Pakistani NSA to attend SCO conference, no planned meeting with Indian counterpart
  • Both officials will be participating in a meeting of national security advisers of the Shanghai Cooperation Organization’s member states in Dushanbe this week
  • Islamabad has maintained it will hold dialogue with New Delhi only if it restored Kashmir’s original status

ISLAMABAD: Pakistan’s National Security Adviser Moeed Yusuf will not be holding talks with his India counterpart on the sidelines of a Shanghai Cooperation Organization (SCO) event in Tajikistan later this week, state-run news agency, the Associated Press of Pakistan, said on Saturday.

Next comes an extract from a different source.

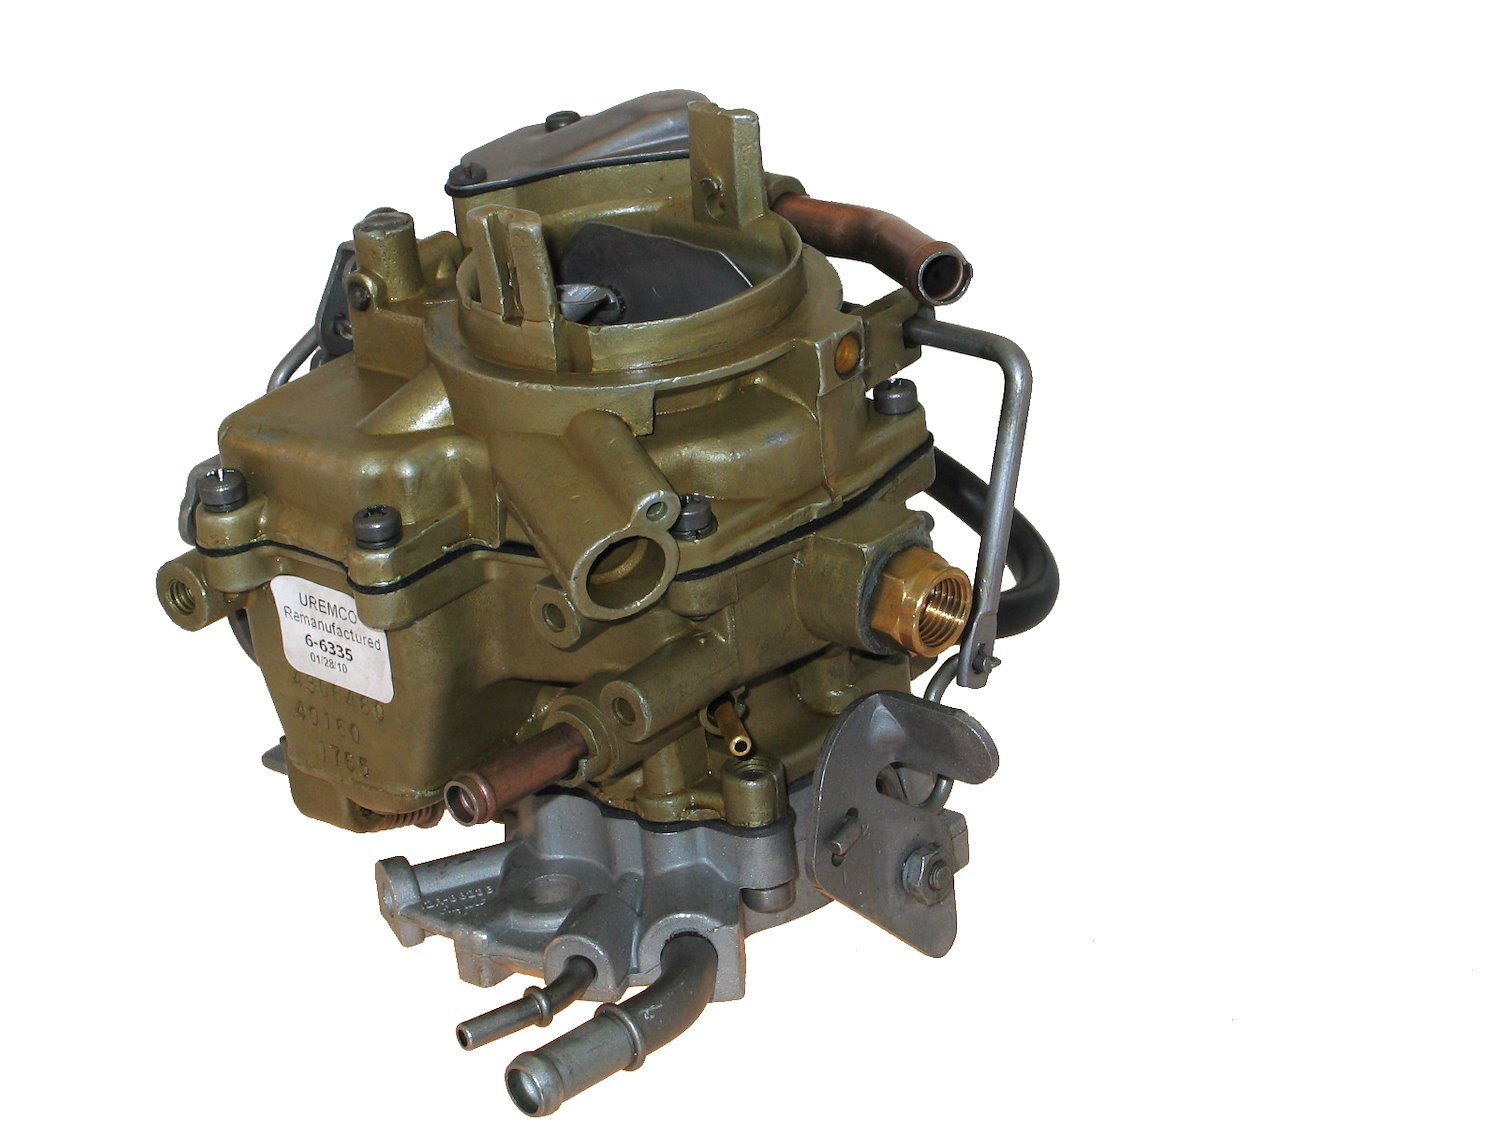 6-6335 Holley Remanufactured Carburetor, 1945-Style

Yusuf will leave for Tajikistan today to participate in a meeting of national security advisers of the SCO’s member states in the capital city, Dushanbe, from June 22-23, his office said on Saturday. 
During the visit, Yusuf is expected to meet the NSAs of Russia, Tajikistan, Uzbekistan, Kyrgyzstan, Kazakhstan and China, but not India’s Ajit Doval. 
Doval had walked out of the virtual session of the SCO meeting last year after Yusuf reportedly projected a map that inaccurately depicted the two countries’ borders. 
The two nuclear-armed neighbors both control parts of Kashmir but claim it in full.
In August 2019, India withdrew India-ruled Kashmir’s autonomy to tighten its grip over the territory, sparking outrage in Pakistan. The move also resulted in the downgrading of diplomatic ties and the suspension of bilateral trade between the two nations.
Since then, Pakistan has maintained that it would be ready for talks with India only if it restored Kashmir’s original status.
On Saturday, Pakistan’s Foreign Minister Shah Mahmood Qureshi underlined that “durable peace in South Asia can only be achieved by peacefully resolving the Jammu and Kashmir dispute” as per the United Nations Security Council’s resolutions and the “wishes of the Kashmiri people.”
Kashmir has been a flashpoint since India and Pakistan gained independence from British rule in 1947, with both countries fighting two wars over the region. Pakistan accuses India of rights violations in Kashmir, and India says Pakistan supports militants in its part of the region. Both deny the charges.
Established in 2001, the SCO is an intergovernmental organization comprising China, India, Kazakhstan, Kyrgyzstan, Russia, Pakistan, Tajikistan and Uzbekistan.